FDA Lab Analysis Puts the Heat on E-Cigarettes [1]
Submitted by Anne Landman [2] on
Their websites have names like SmokeAnywhere.com [3] and SmokingEverywhere.com [4], and manufacturers of electronic cigarettes, or e-cigarettes, are touting that their products are "cheaper than a cigarette," have a "cool design," come in "different flavors" and are a "tar-free option" to traditional cigarettes. The website of E-Cigarettes National [5] boasts that its new electronic cigarettes have "eliminated over 3,900 chemicals for the smoker that is looking for a smart alternative," and one site [6] even advertises it as a "health cigarette." But the heat on electronic cigarettes is growing.
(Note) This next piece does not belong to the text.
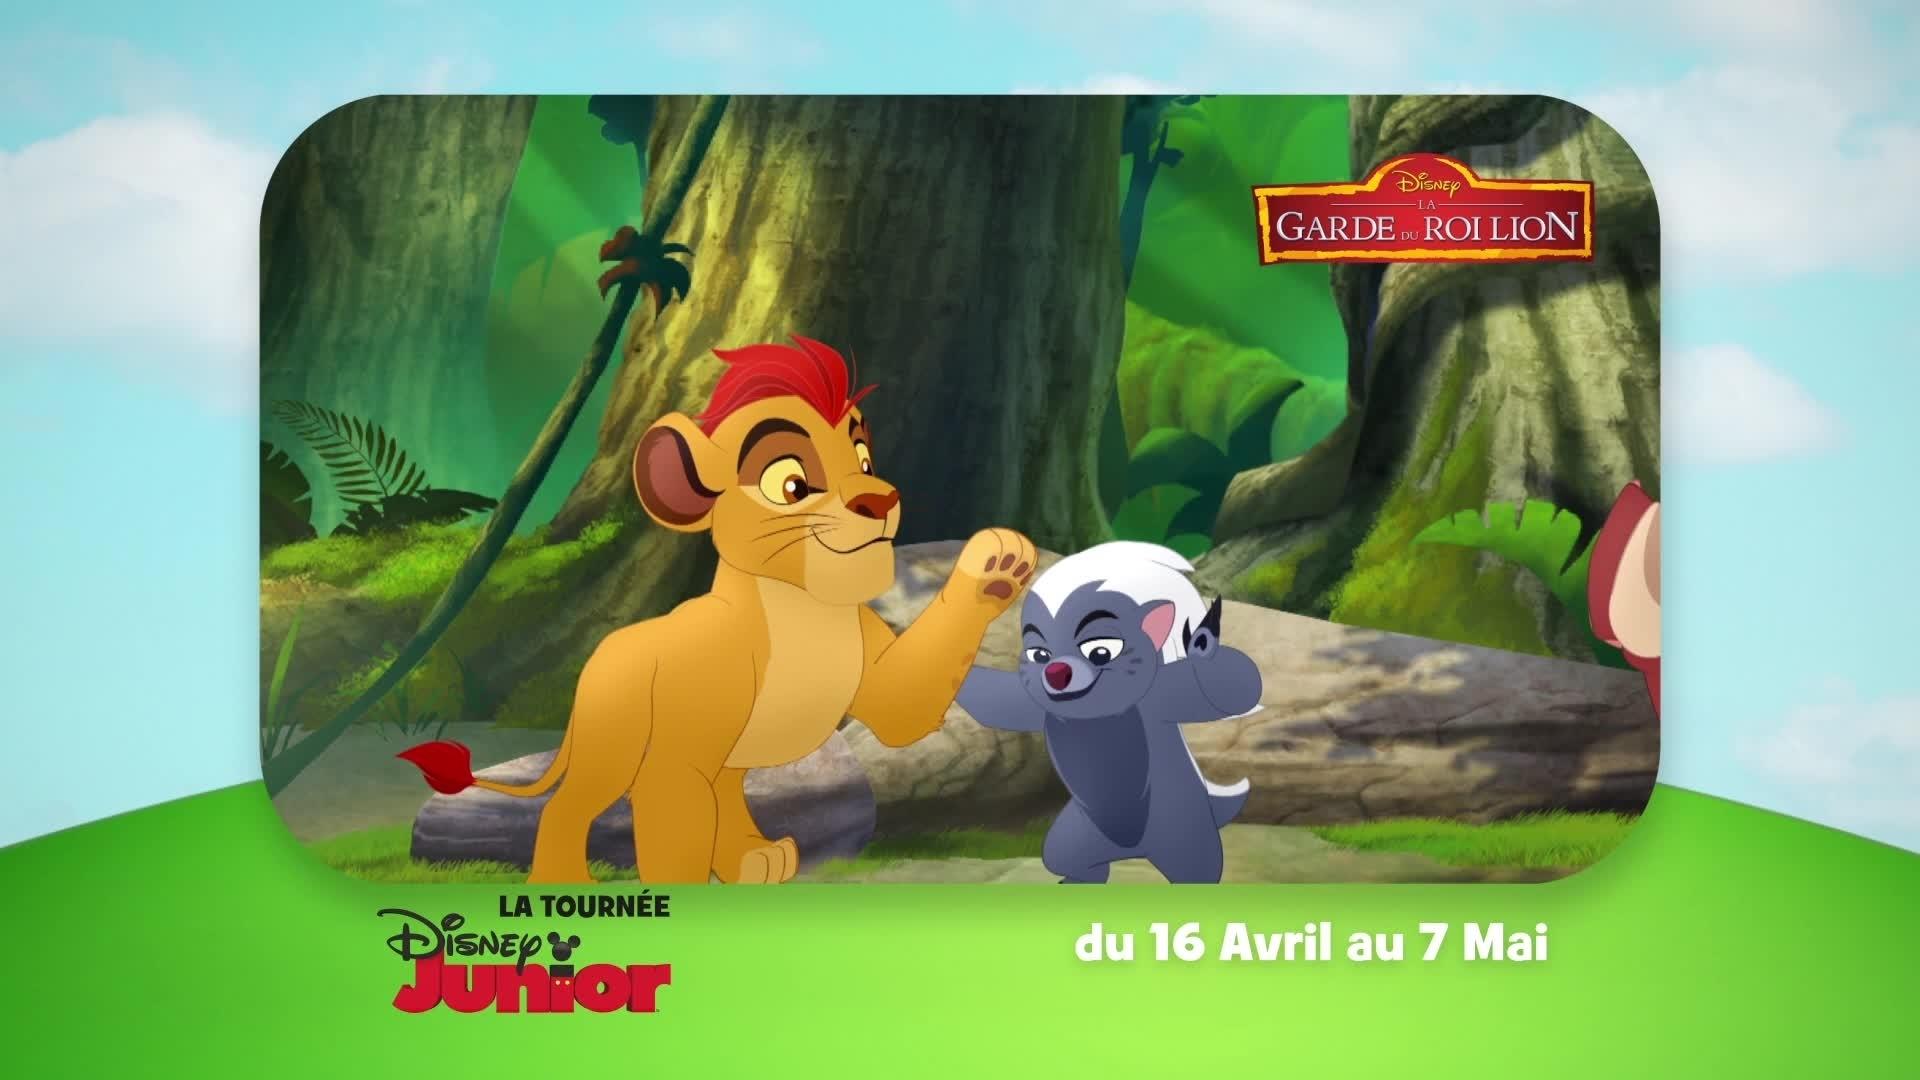 La Tournée Disney Junior

The U.S. Food and Drug Administration [7]'s Center for Drug Evaluation, Division of Pharmaceutical Analysis (DPA) recently purchased samples of e-cigarettes and analyzed cartridges from them for nicotine content and the presence of potentially cancer-causing tobacco constituents. DPA found one percent diethylene glycol [8] -- a toxic ingredient used in antifreeze -- in the cartridge of one cigarette. Half the samples tested contained tobacco-specific nitrosamines, which are known human carcinogens. All but one of the e-cigarette cartridges labeled as containing no nicotine did, in fact, contain low levels of nicotine. And three different cartridges with the same label were tested and found to emit "markedly different amounts of nicotine with each puff." DPA suggests the findings indicate "that quality control processes used to manufacture these products are inconsistent or non-existent." E-cigarettes are currently manufactured, advertised and sold without FDA oversight.